Texas Bank Faces $2M Fine From FinCEN

Financial Services Law

The Financial Crimes Enforcement Network (FinCEN) hit a Texas bank with a $2 million Assessment of Civil Money Penalty for Bank Secrecy Act and anti-money laundering (BSA/AML) violations of Section 312 of the USA PATRIOT Act related to a correspondent relationship with a Mexican bank.

What happened

The privately held community bank—located in Pharr, TX, with more than $2.2 billion in assets and 28 branch locations—admitted to the facts set forth in the regulator’s Assessment of Civil Money Penalty that it willfully violated the BSA’s program and reporting requirements from 2010 through 2014. More specifically, the bank failed to establish and implement an adequate AML program, conduct required due diligence on a foreign correspondent account and report suspicious activity.

“[The bank’s] failures in these areas allowed a single foreign financial institution to move hundreds of millions of U.S. dollars in suspicious bulk cash shipments through the U.S. financial system in less than two years,” according to the Assessment.

As set forth by the BSA and implementing regulations, banks are required to develop and provide for the continued administration of an AML program reasonably designed to assure and monitor compliance with the BSA’s recordkeeping and reporting requirements.

But the Texas bank had repeated deficiencies, FinCEN said, including failing to collect and analyze information necessary to assess each customer’s risk and to develop and implement specific customer risk profiles; neglecting to identify the intended purpose of the customer’s account, the anticipated activity within the account, the nature of the customer’s business, the types of bank products and services used by the customer, and geographic indicators of risk; and failing to appropriately risk-rate certain of its customers during the account opening process.

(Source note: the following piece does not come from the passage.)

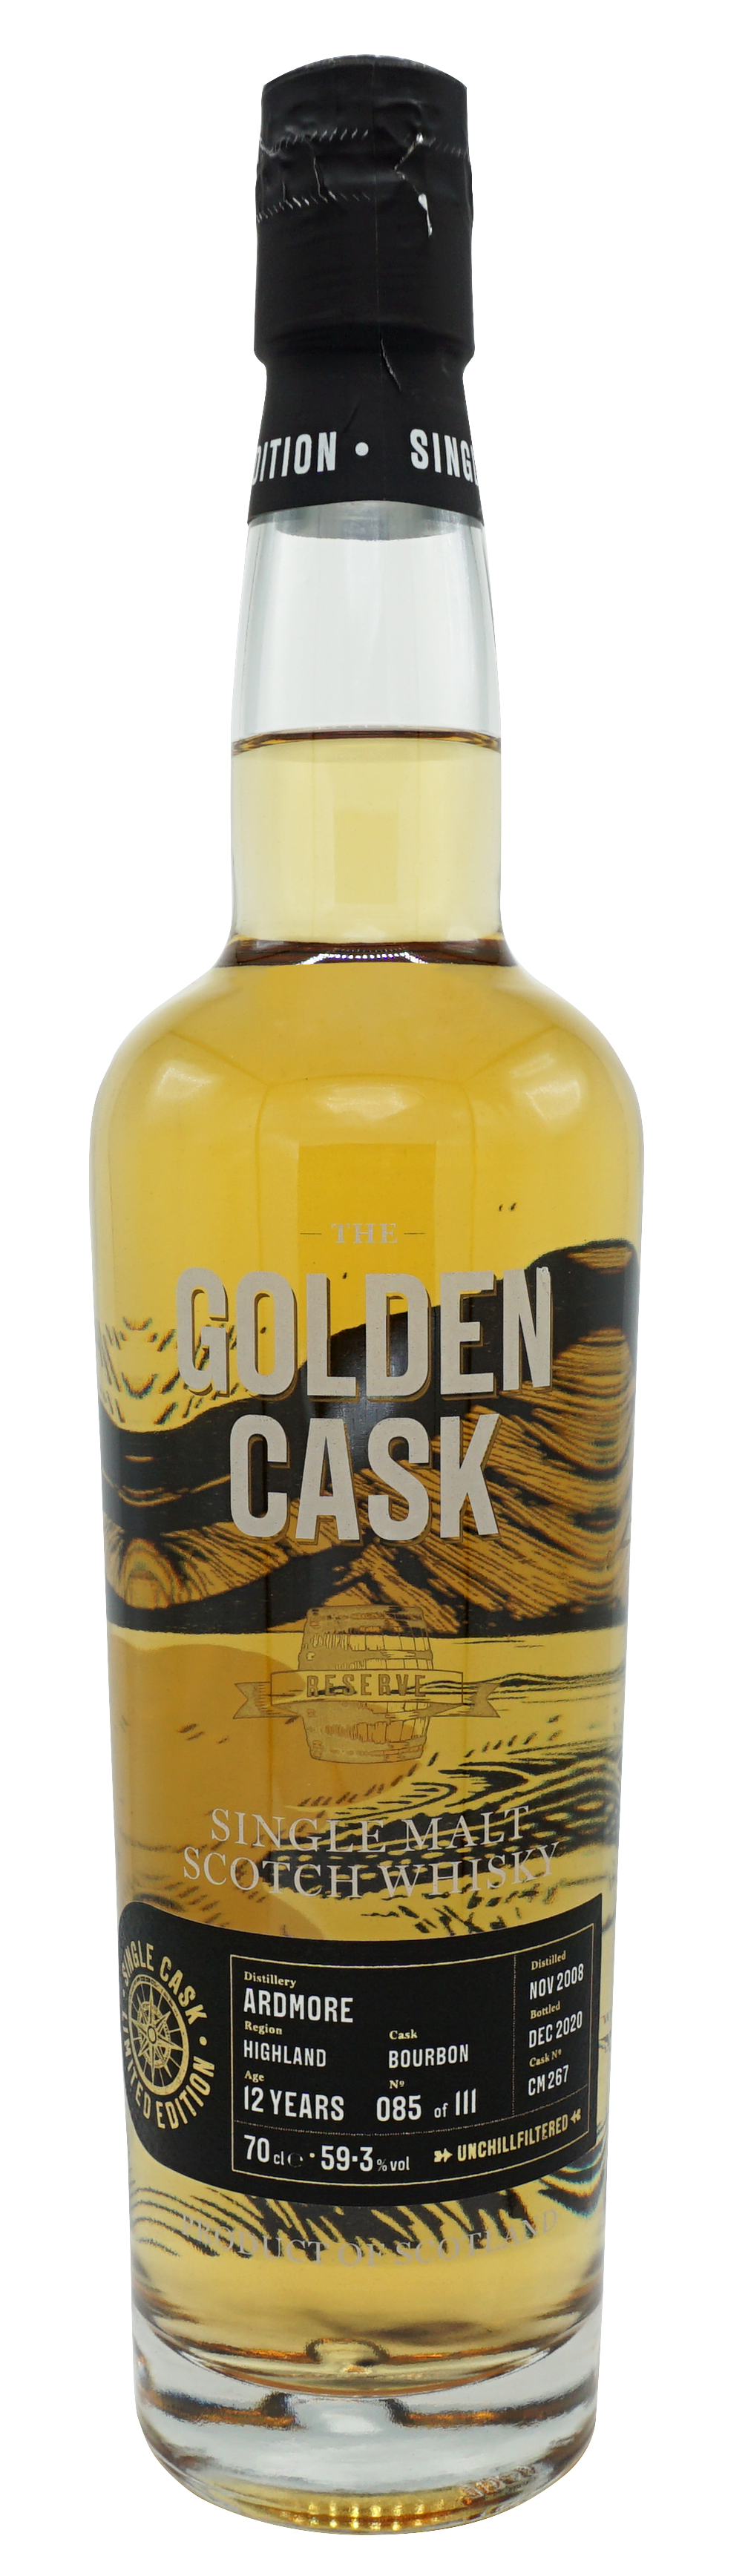 Golden Cask 59.3

The bank had knowledge of these deficiencies and did not correct them, FinCEN added. An external auditor found that information was missing or incorrect for 37 out of 50 accounts reviewed in a testing sample in 2014, while the bank had 4,888 outstanding alerts, 627 cases and 213 internal referrals during the period from January through November 2014.

Other problems occurred with the due diligence requirements for correspondent accounts for foreign financial institutions. Between May 2010 and November 2011, the bank provided U.S. currency bulk cash deposit and other correspondent banking services to a large financial institution headquartered in Mexico. “During this time period, the bank allowed approximately $260 million to flow through the foreign bank’s account without sufficient controls in place to detect and report suspicious activity,” FinCEN wrote.

The errors began with the account opening process, when the bank failed to identify well-known and public information about the principal owner of the foreign bank (who had agreed to pay civil penalties to the U.S. Securities and Exchange Commission to resolve allegations of securities fraud) or verify the accuracy of assertions from the foreign bank regarding the source of funds, purpose and expected activity.

Despite red flags, the bank further failed to adequately investigate increasing cash deposits of U.S. dollars and unusual wire activity in the account. For example, at the account opening, the foreign bank stated that monthly deposits of U.S. currency would be in amounts from $8 million to $9 million, with $3 million to $4 million expected to remain in the account. In reality, the deposits were two to three times greater—but the bank conducted no investigation into the cause.

In addition, the foreign bank requested a substantial number of wire transfers with the date of the transaction embedded into the dollar amount of the transfer (a wire transfer conducted on June 3 would be in the amount of $1,000,003.06). “[The bank] did not identify the issue in monitoring and could provide no explanation for what appeared to be a suspicious pattern embedded in each outgoing wire transfer to match the date it was sent,” according to the Assessment.

Further BSA/AML violations occurred when the bank did not file Suspicious Activity Reports (SARs), FinCEN said. Based on a review ordered by the Office of the Comptroller of the Currency (OCC) as part of an earlier enforcement action, the bank was required to file 161 SARs, 69 related directly to cash structuring and 92 related to other types of suspicious activity, representing approximately $131 million in previously unreported suspicious activity.

The bank addressed the BSA/AML deficiencies through “significant measures” recommended by both FinCEN and the OCC, with updated policies on due diligence measures and account opening procedures. The bank closed its accounts with the foreign bank and modified its customers and services to mitigate money laundering risks of certain accounts. New senior management and board level committees were formed to ensure the implementation and maintenance of the new plans.

Given these changes—and the bank’s cooperation with the regulator—FinCEN assessed a $2 million civil penalty, with $1 million partially satisfied by a payment already made to the OCC in 2015.

To read the Assessment of Civil Money Penalty, click here.

Why it matters

Announcing the Assessment, FinCEN sounded a cautionary note. “The action underscores the dangers that institutions face when taking on international correspondence activities without properly equipping themselves to manage such business,” the regulator wrote in a statement. “Smaller banks, just like the bigger ones, need to fully understand and follow the 312 due diligence requirements if they open up accounts for foreign banks,” added FinCEN Acting Director Jamal El-Hindi. “The risks can indeed be managed, but not if they are ignored.”